**What this task involves**. Print exactly what appears from the line containing "Bride and groom" through the final line of the data below, pictures excluded.

**Supplied information**.
== Segment start ==

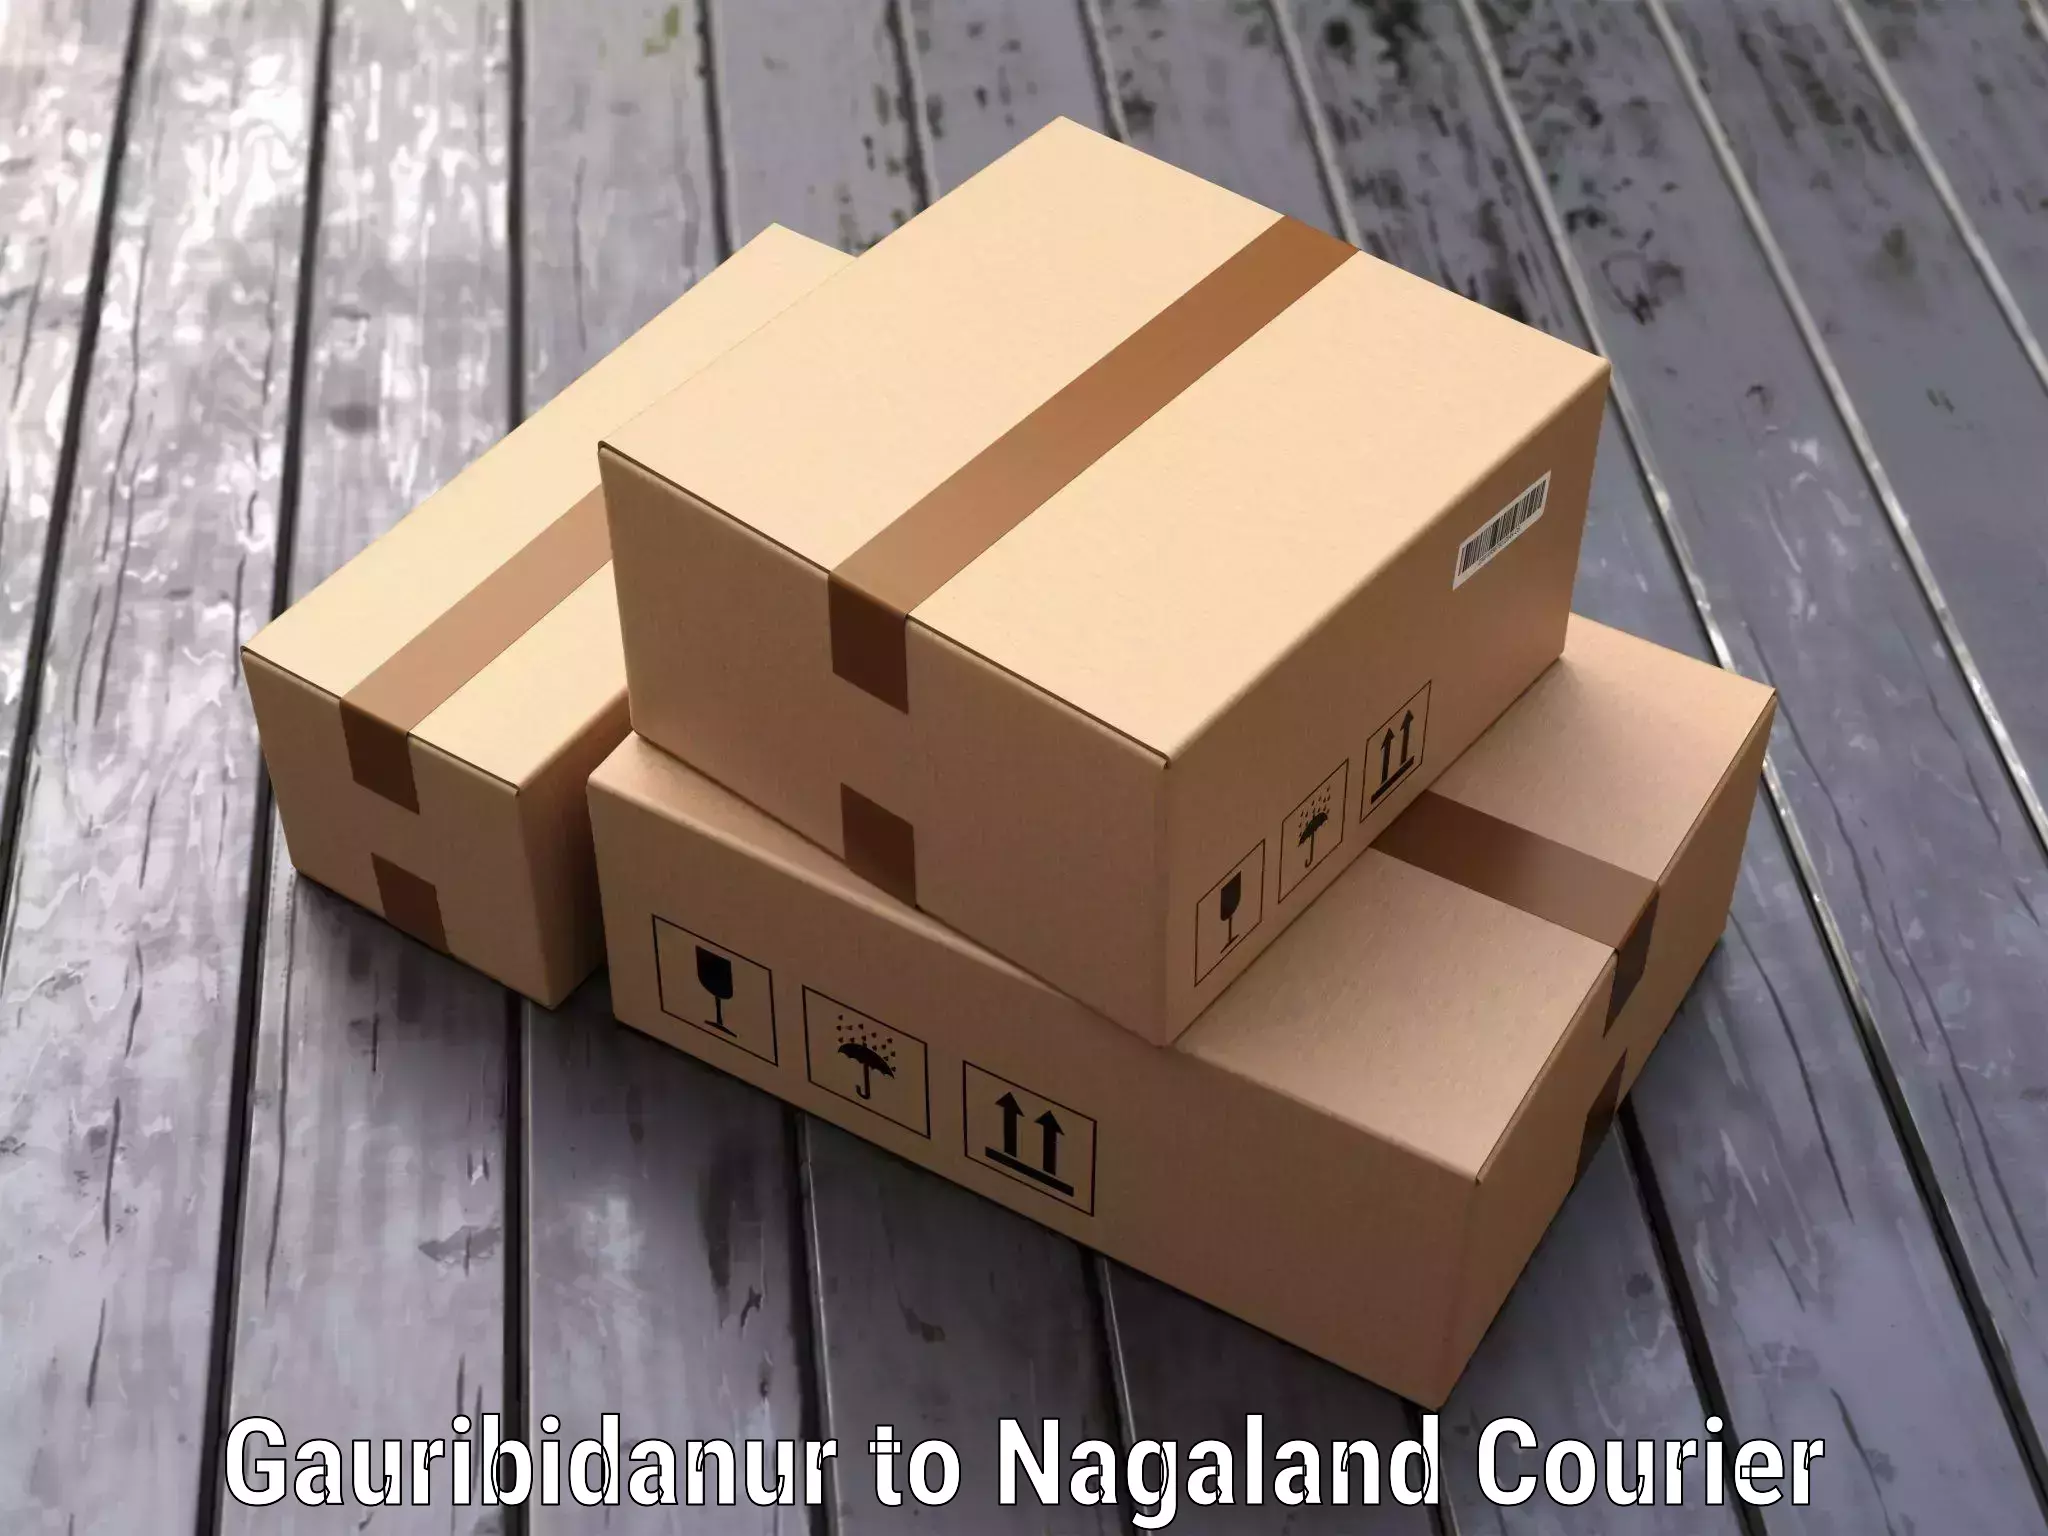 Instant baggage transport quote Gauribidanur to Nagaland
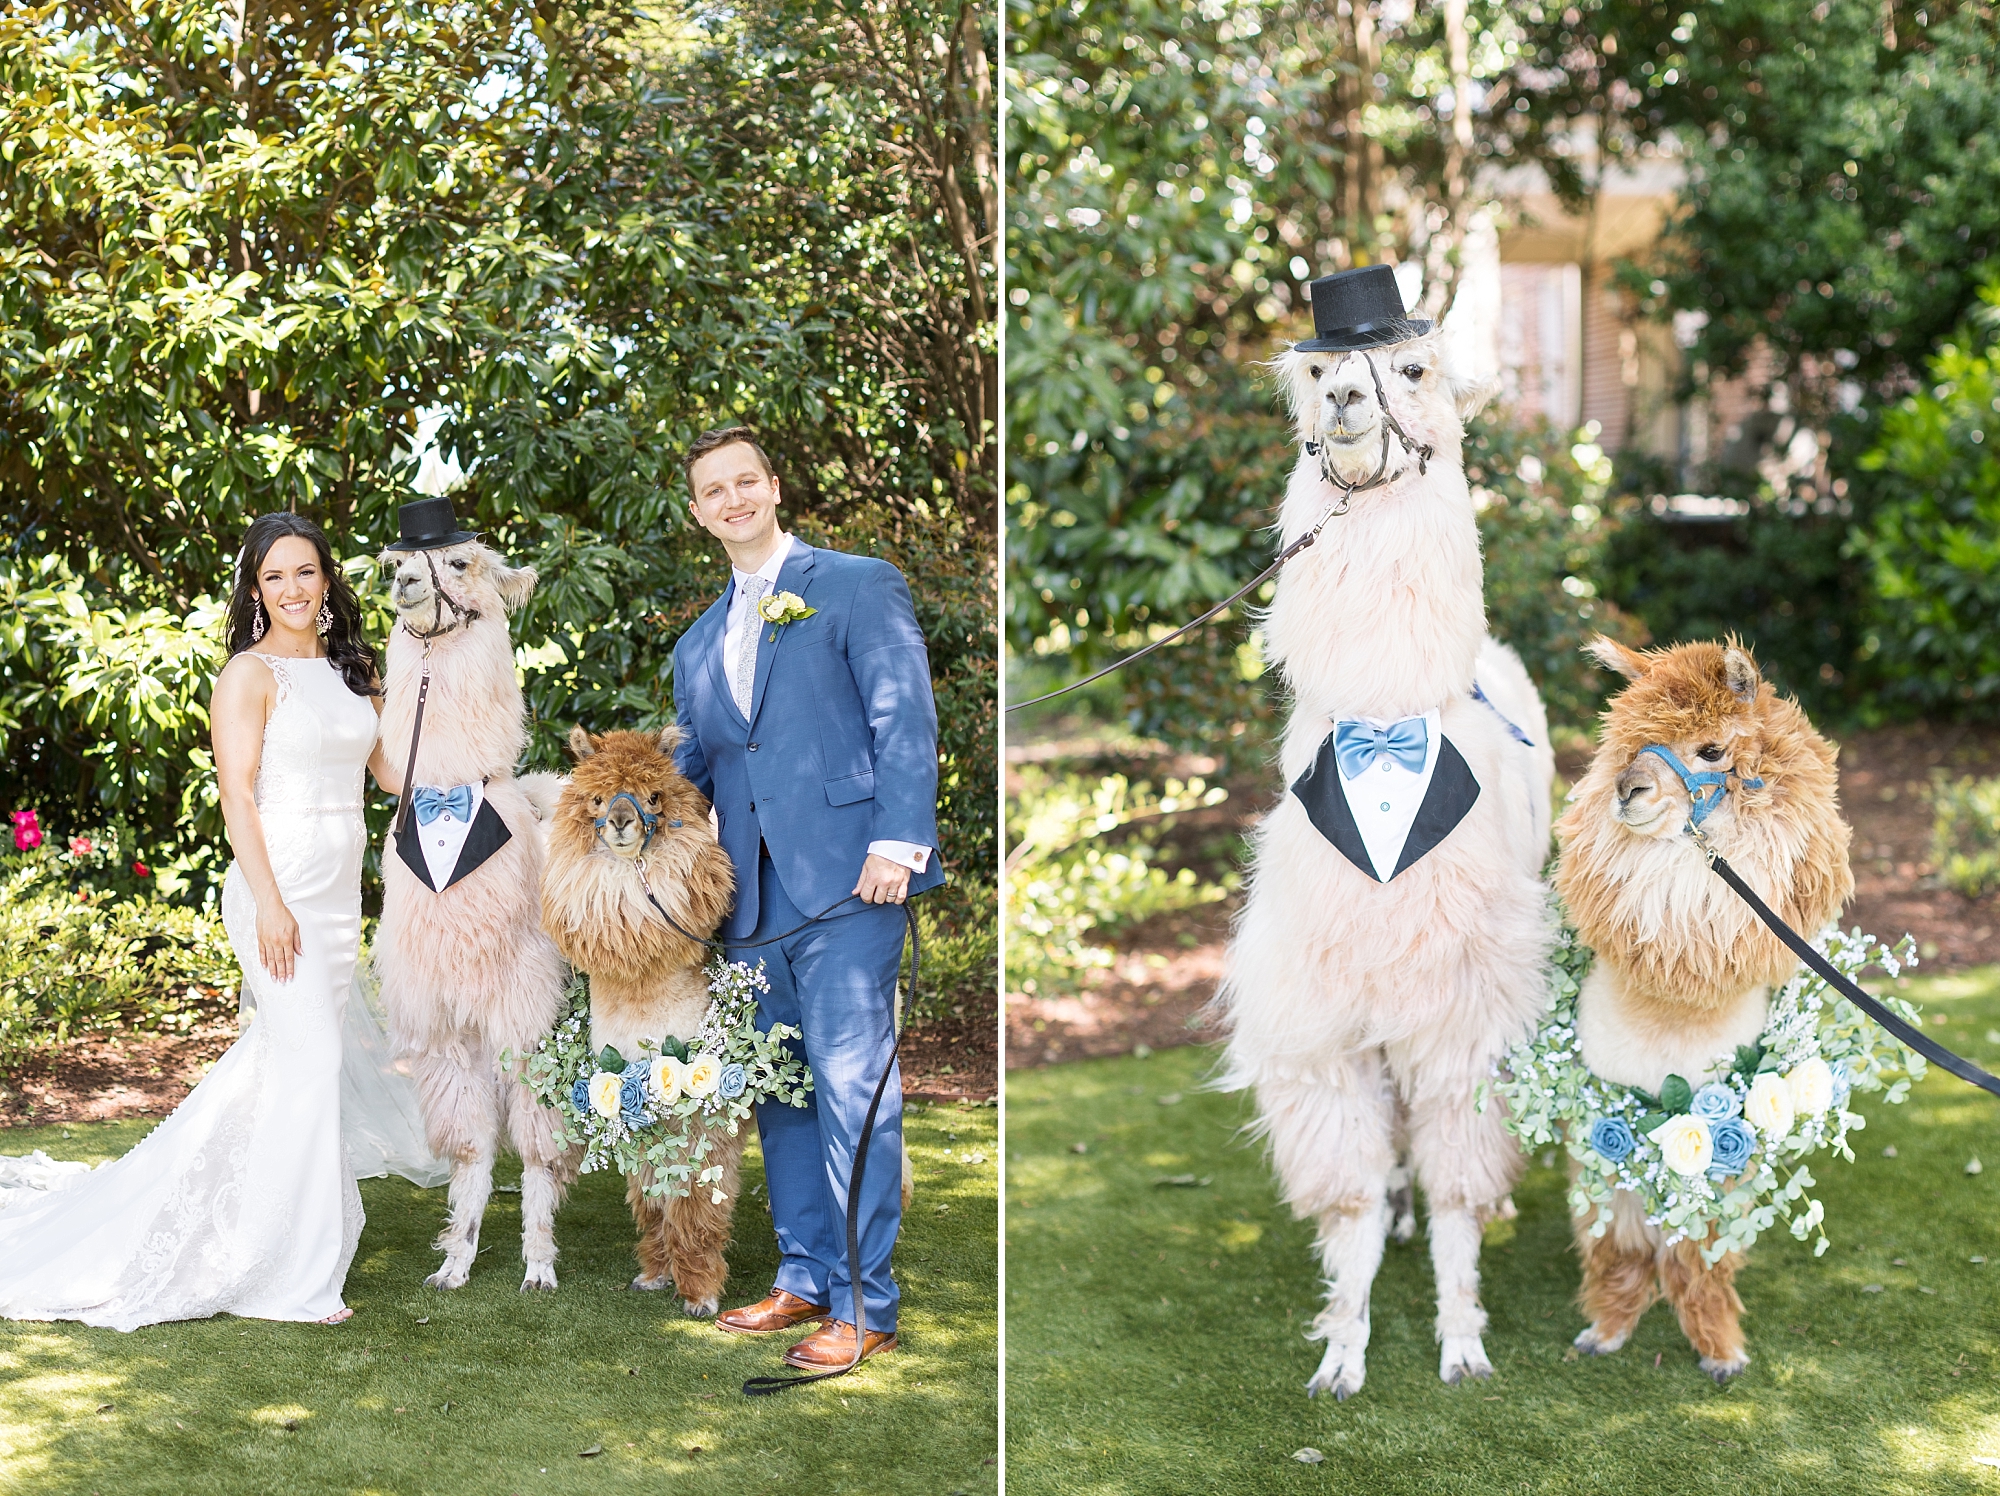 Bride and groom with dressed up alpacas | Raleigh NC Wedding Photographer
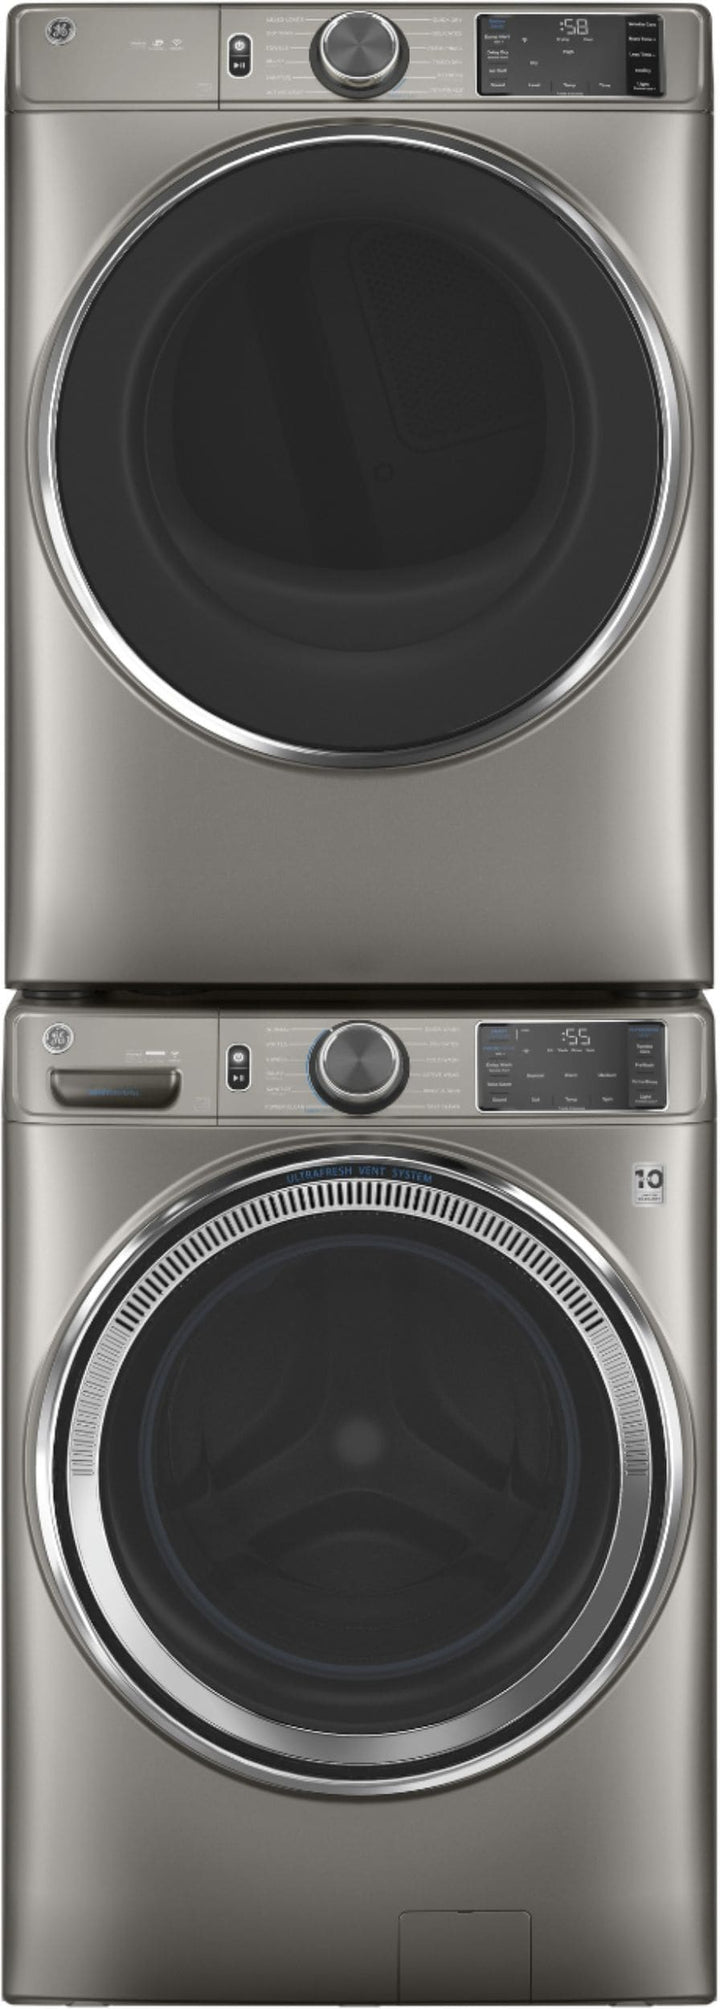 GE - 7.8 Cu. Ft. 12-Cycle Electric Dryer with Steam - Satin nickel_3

== Segment end ==

**Solution for this problem**.
 Bride and groom with dressed up alpacas | Raleigh NC Wedding Photographer
 GE - 7.8 Cu. Ft. 12-Cycle Electric Dryer with Steam - Satin nickel_3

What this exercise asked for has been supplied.